THE DATA START

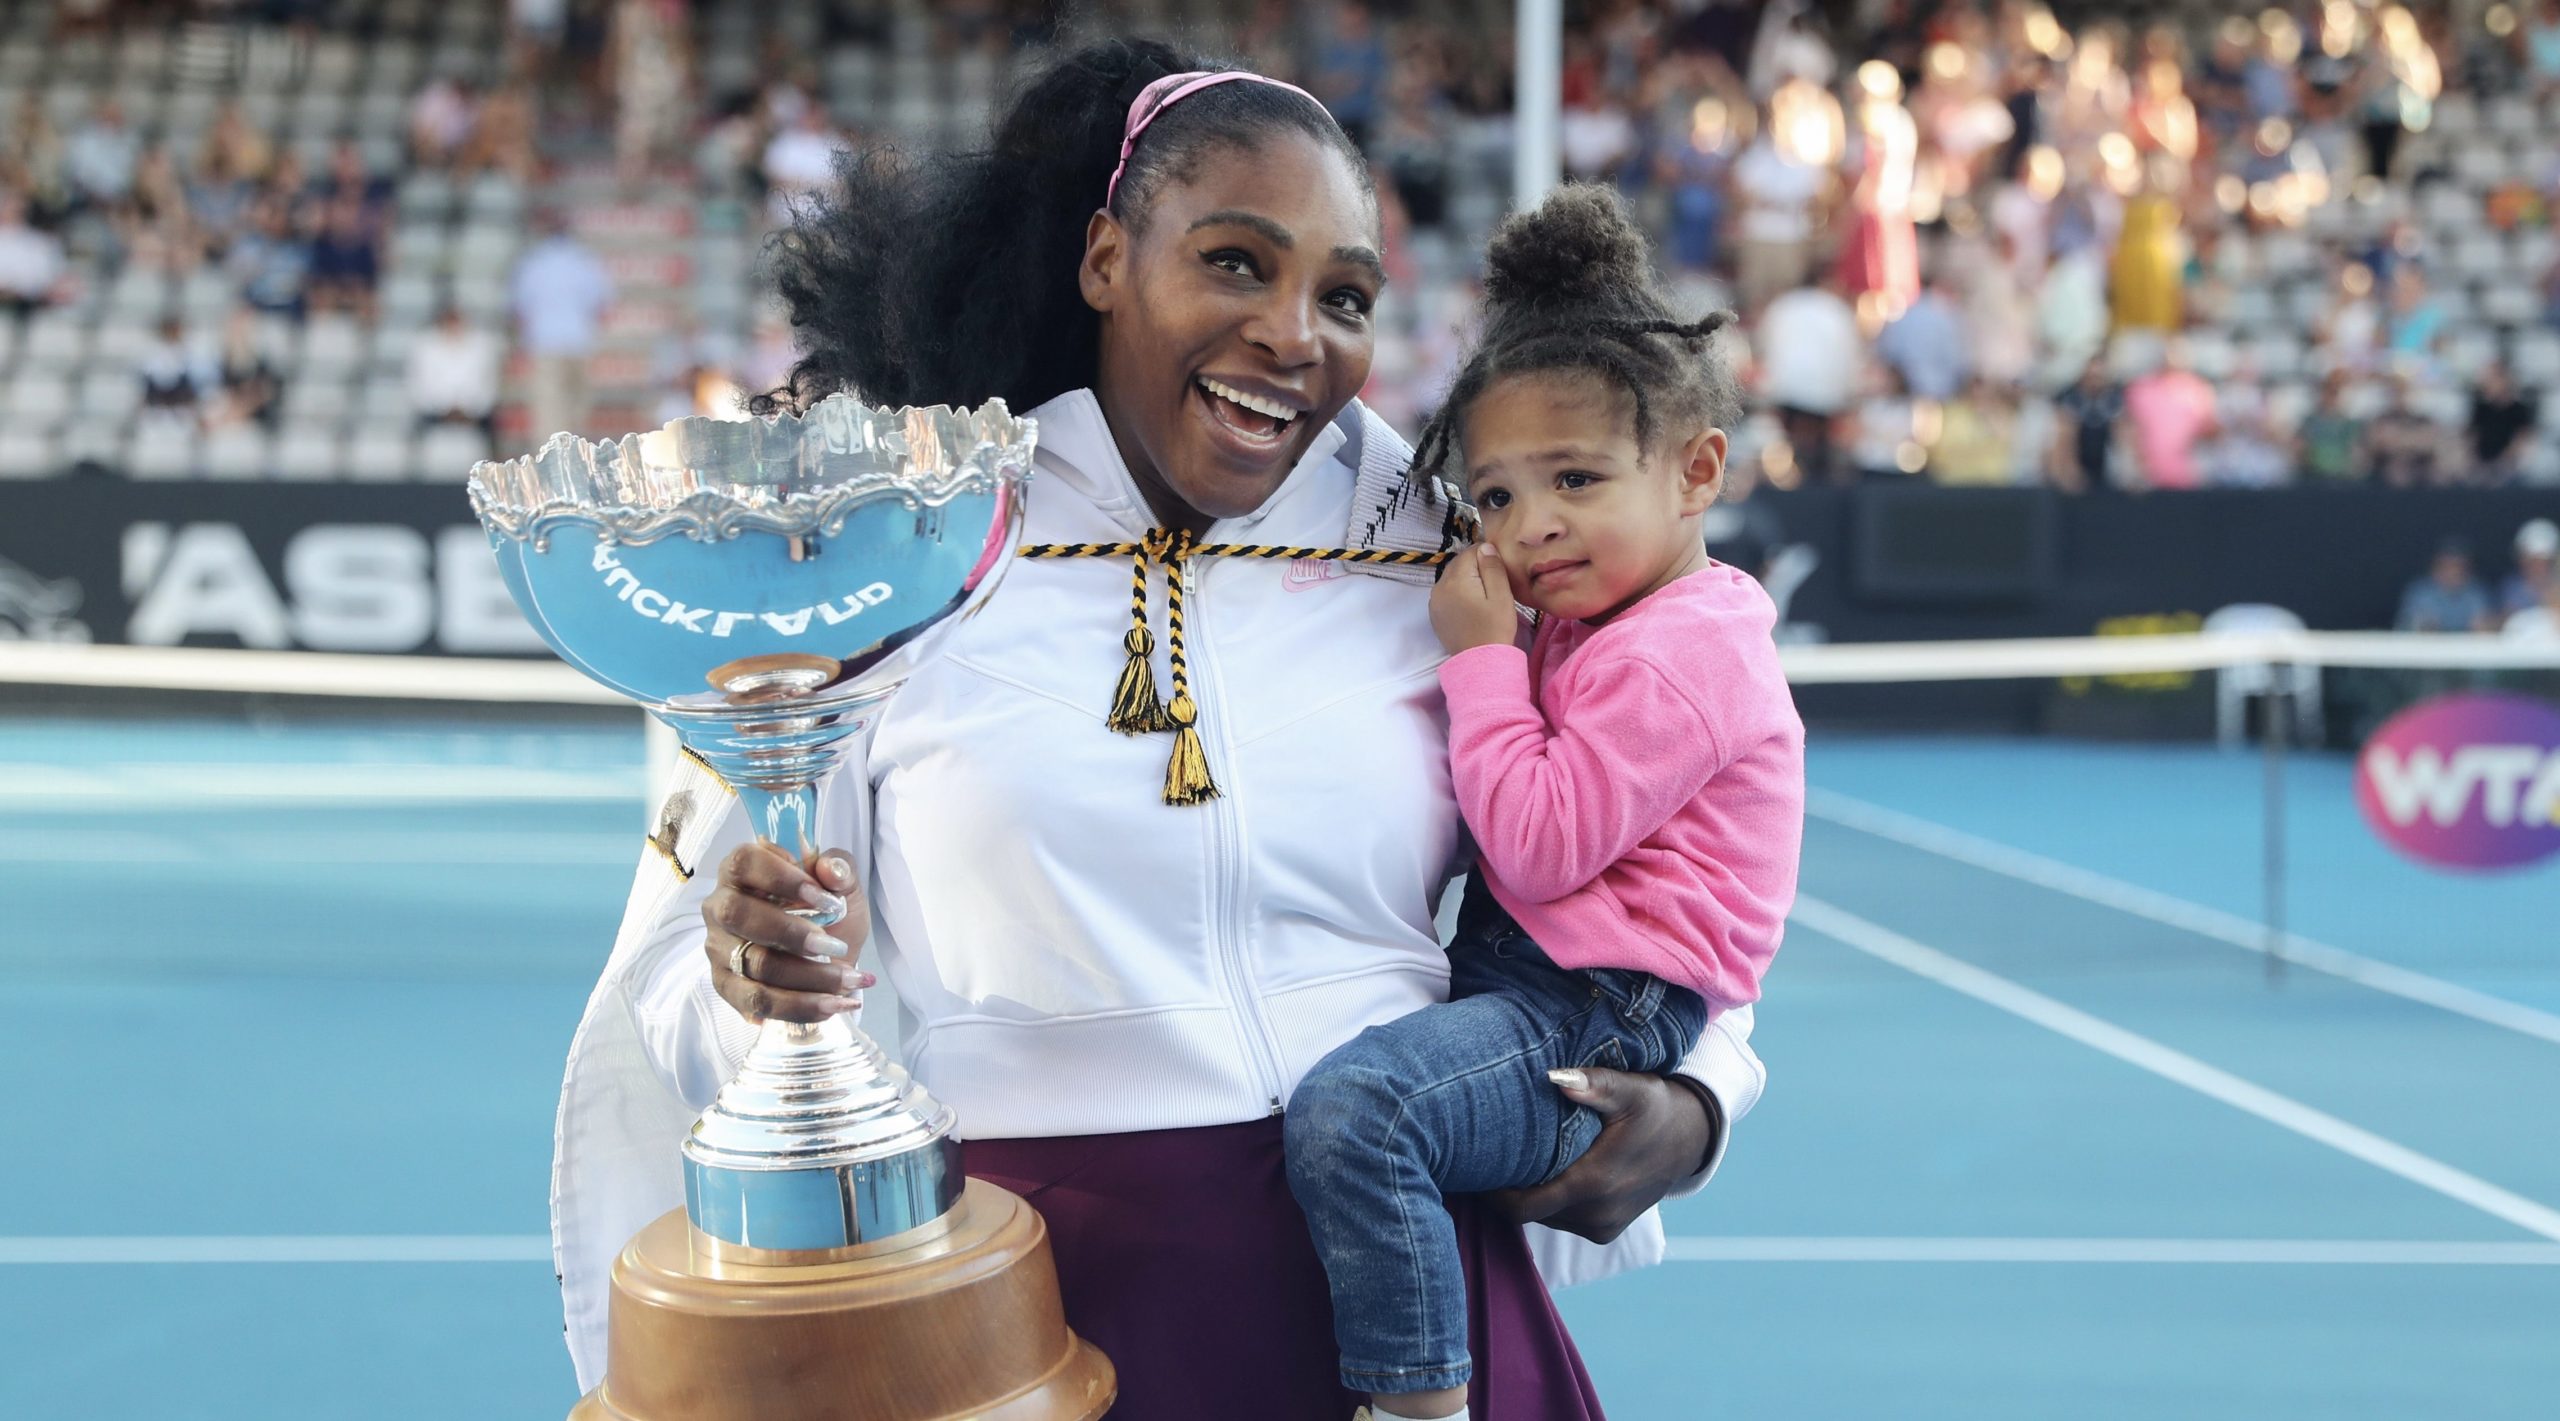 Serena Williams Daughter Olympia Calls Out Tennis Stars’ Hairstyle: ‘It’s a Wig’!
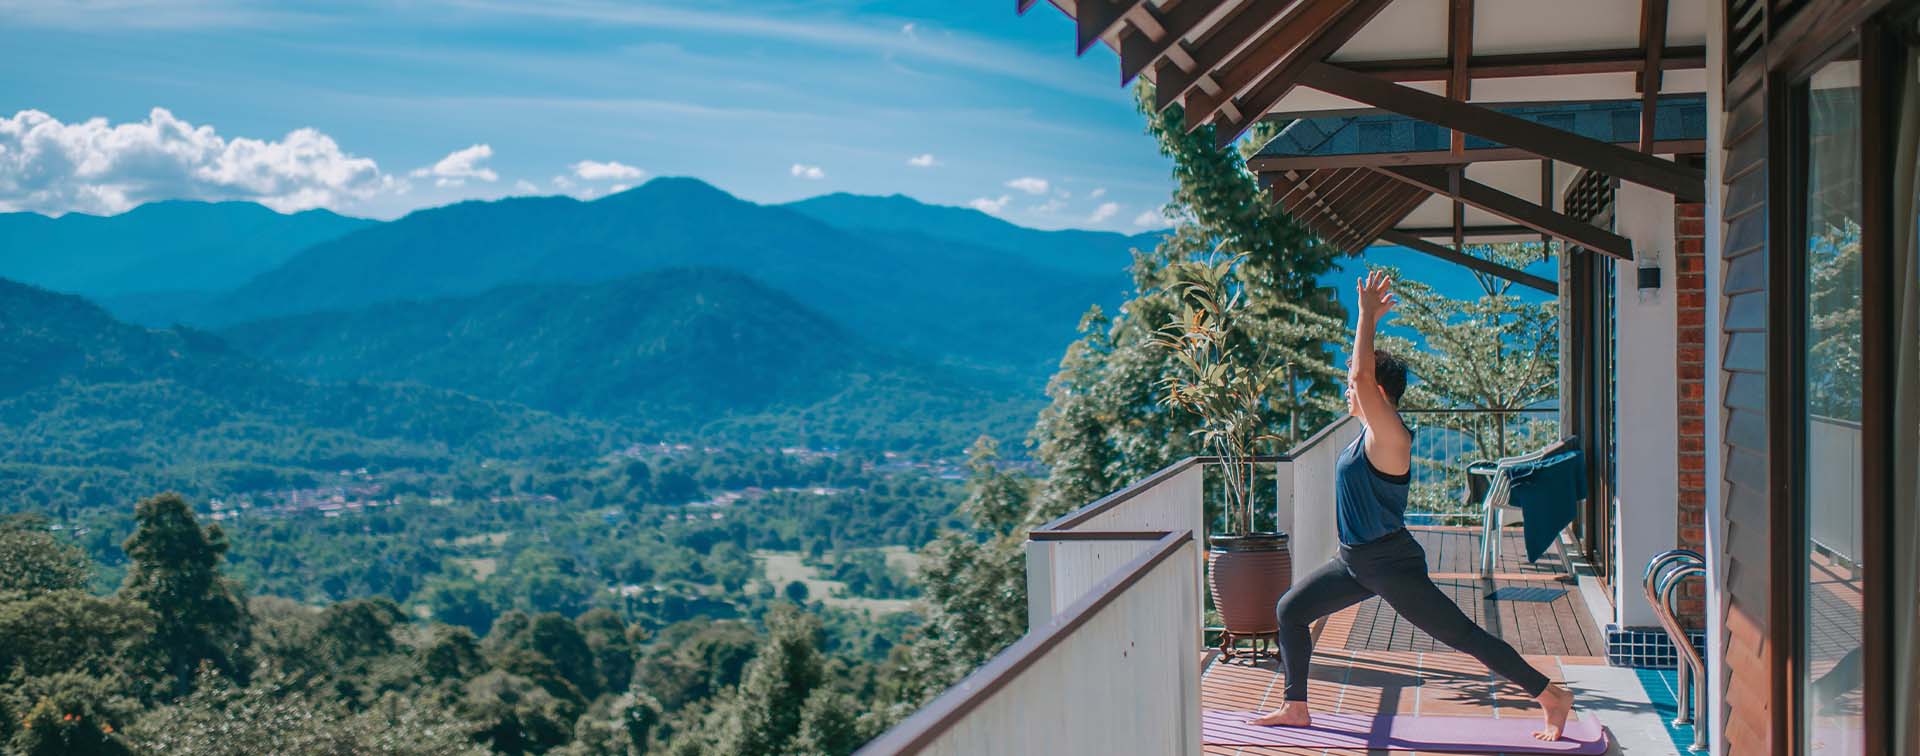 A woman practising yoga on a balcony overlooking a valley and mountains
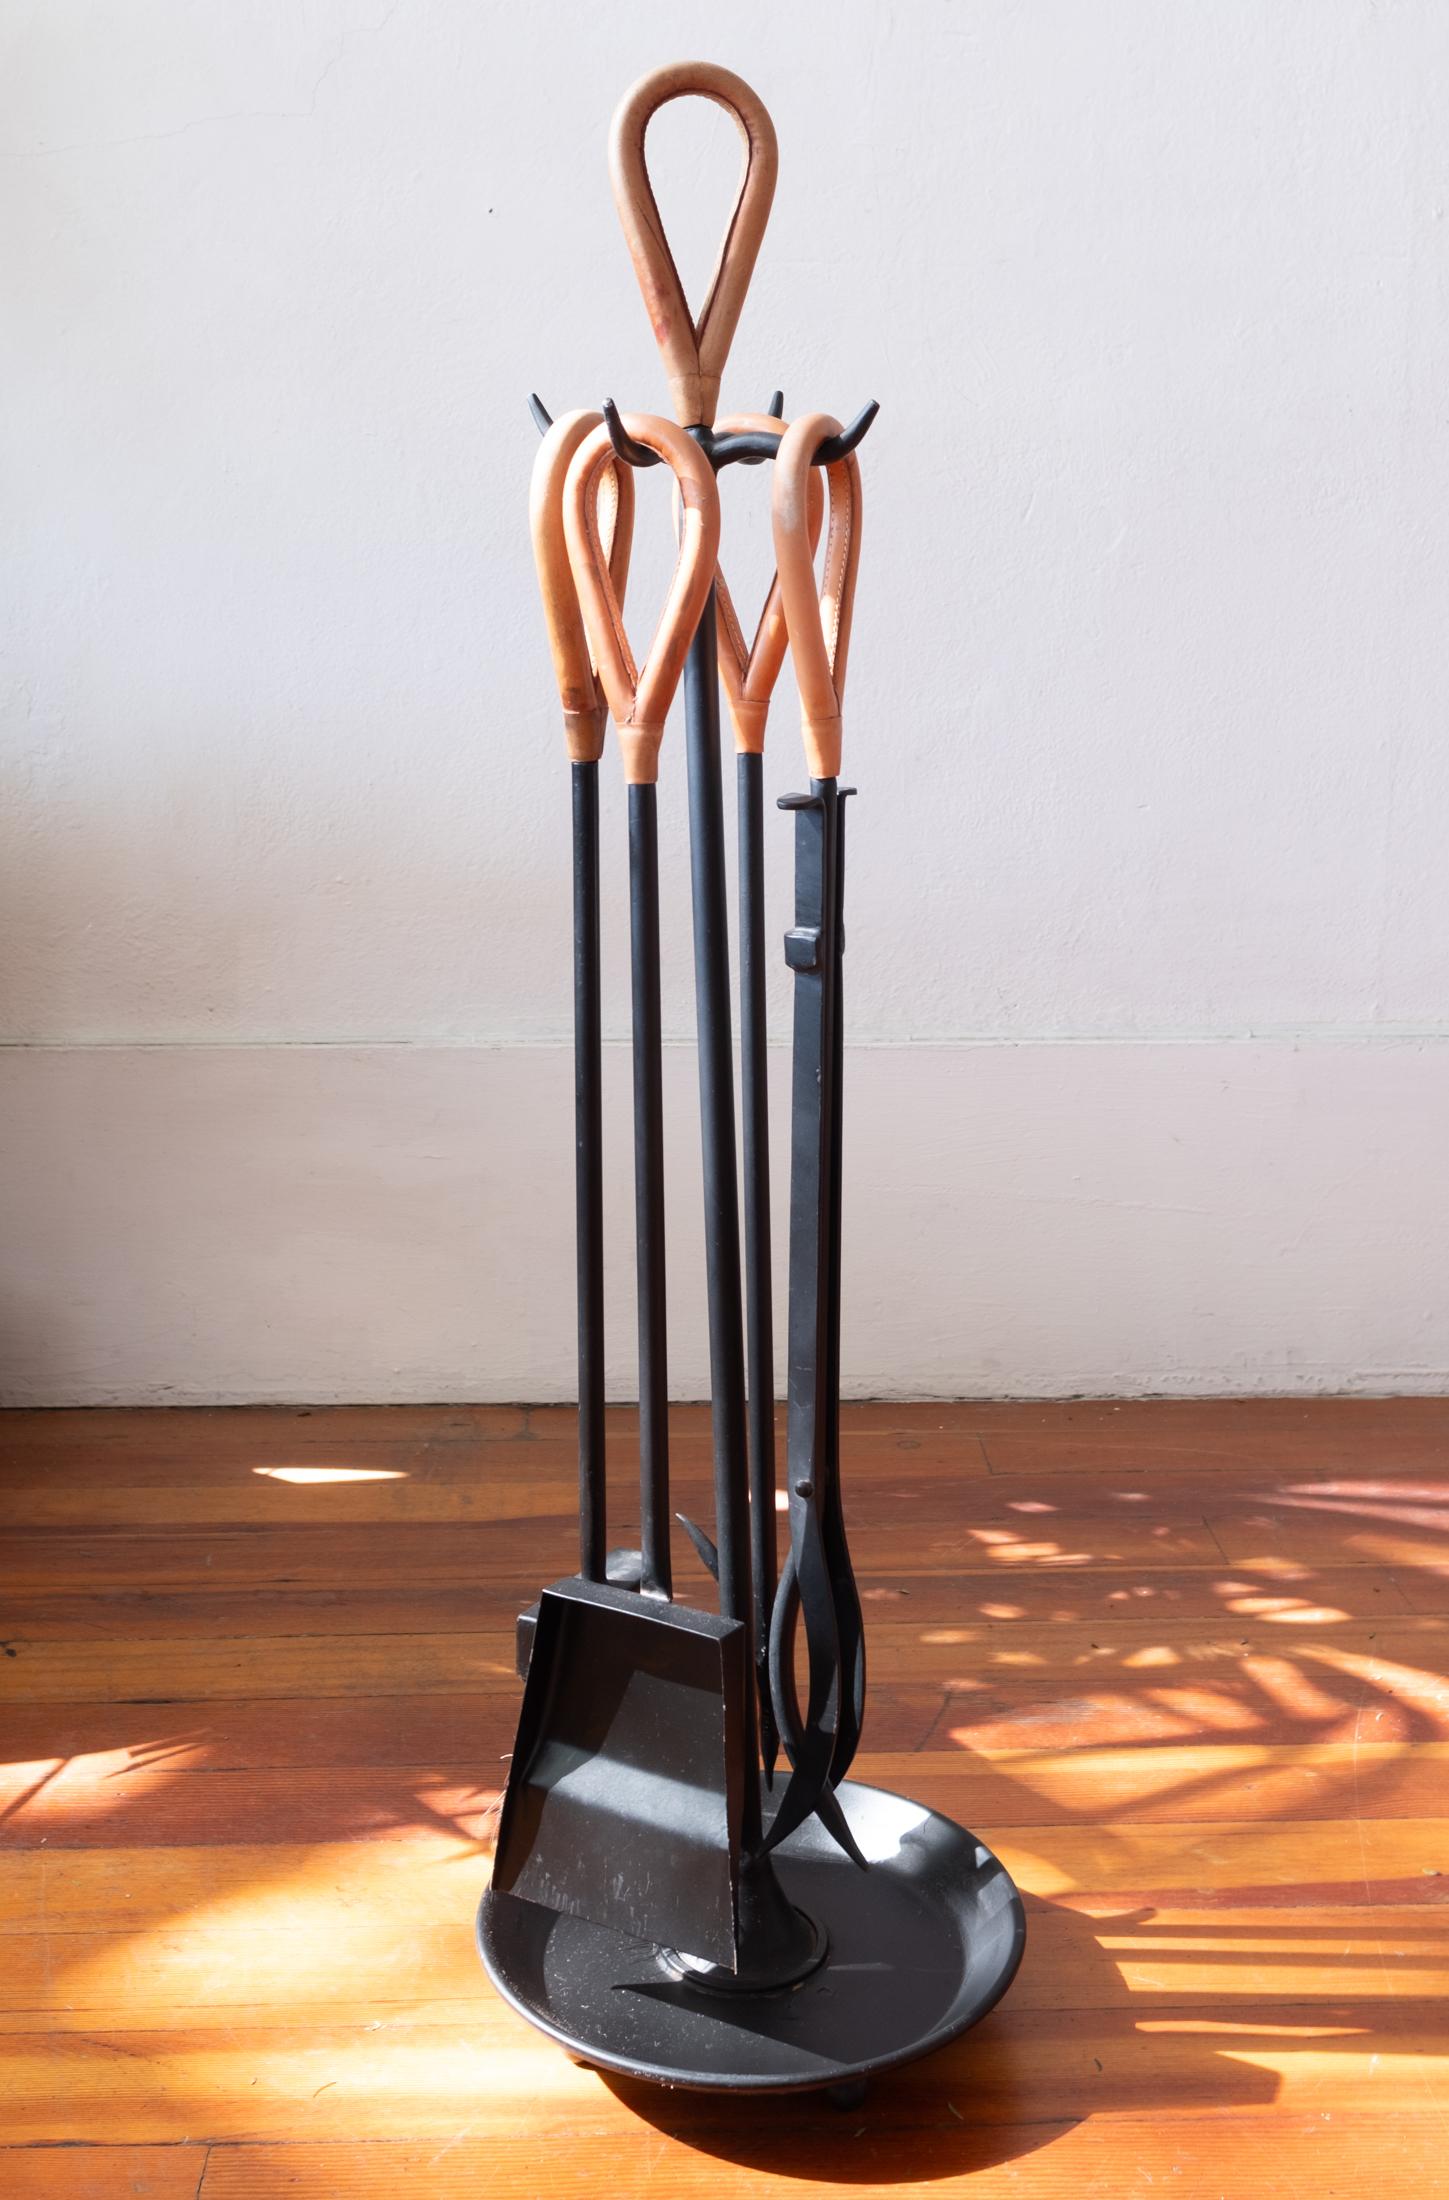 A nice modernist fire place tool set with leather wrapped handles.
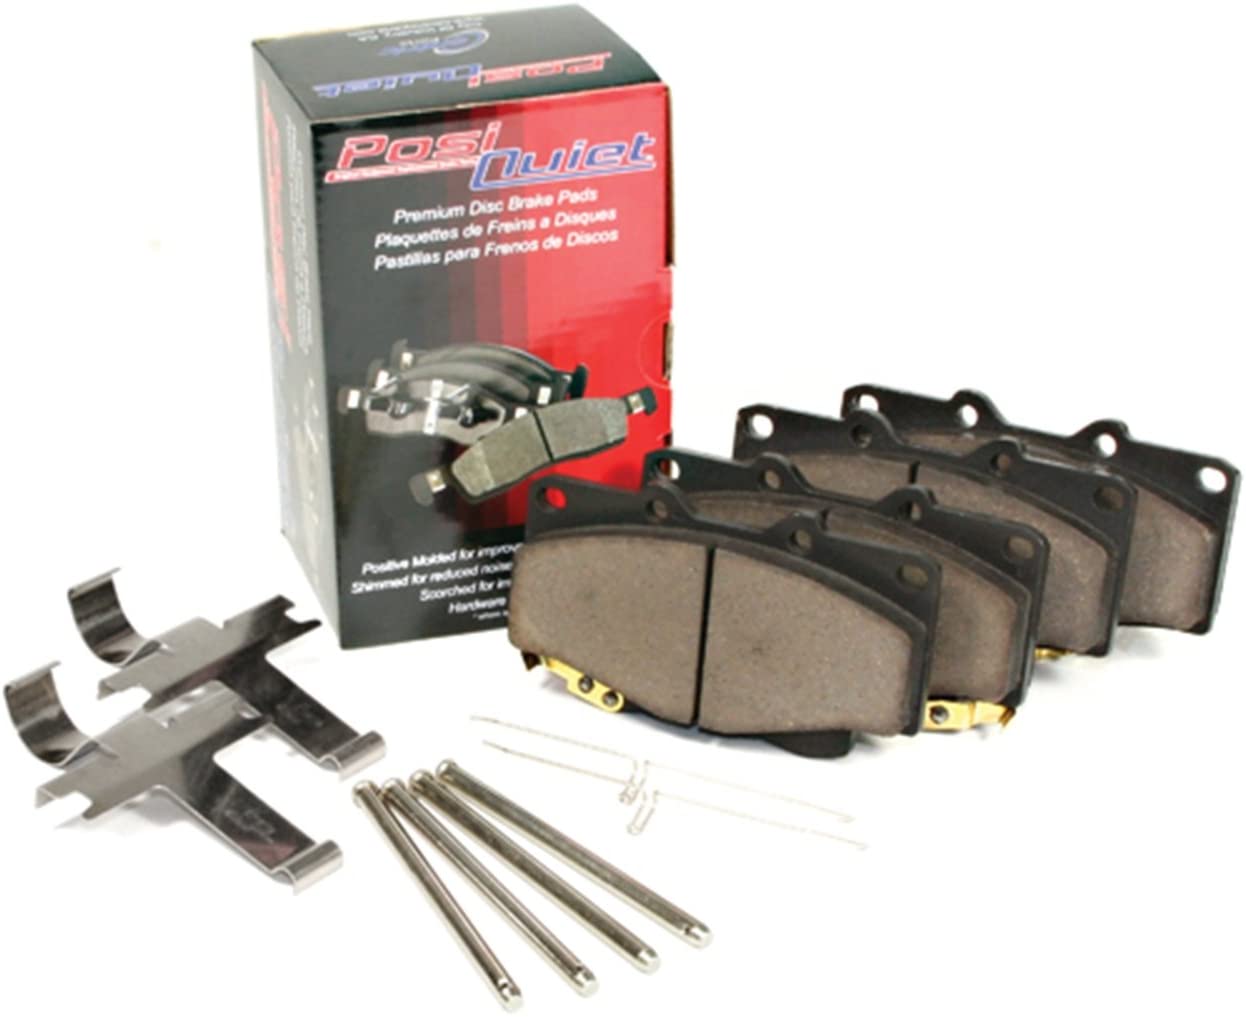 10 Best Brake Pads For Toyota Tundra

THE DATA END

WHAT IS BEING ASKED »
Where the line holding "A woman practising" appears, start copying, and continue exactly through the last line of the listing, both ends included, skipping the pictures.

EXERCISE SOLUTION »
 A woman practising yoga on a balcony overlooking a valley and mountains
 A nice modernist fire place tool set with leather wrapped handles.
 10 Best Brake Pads For Toyota Tundra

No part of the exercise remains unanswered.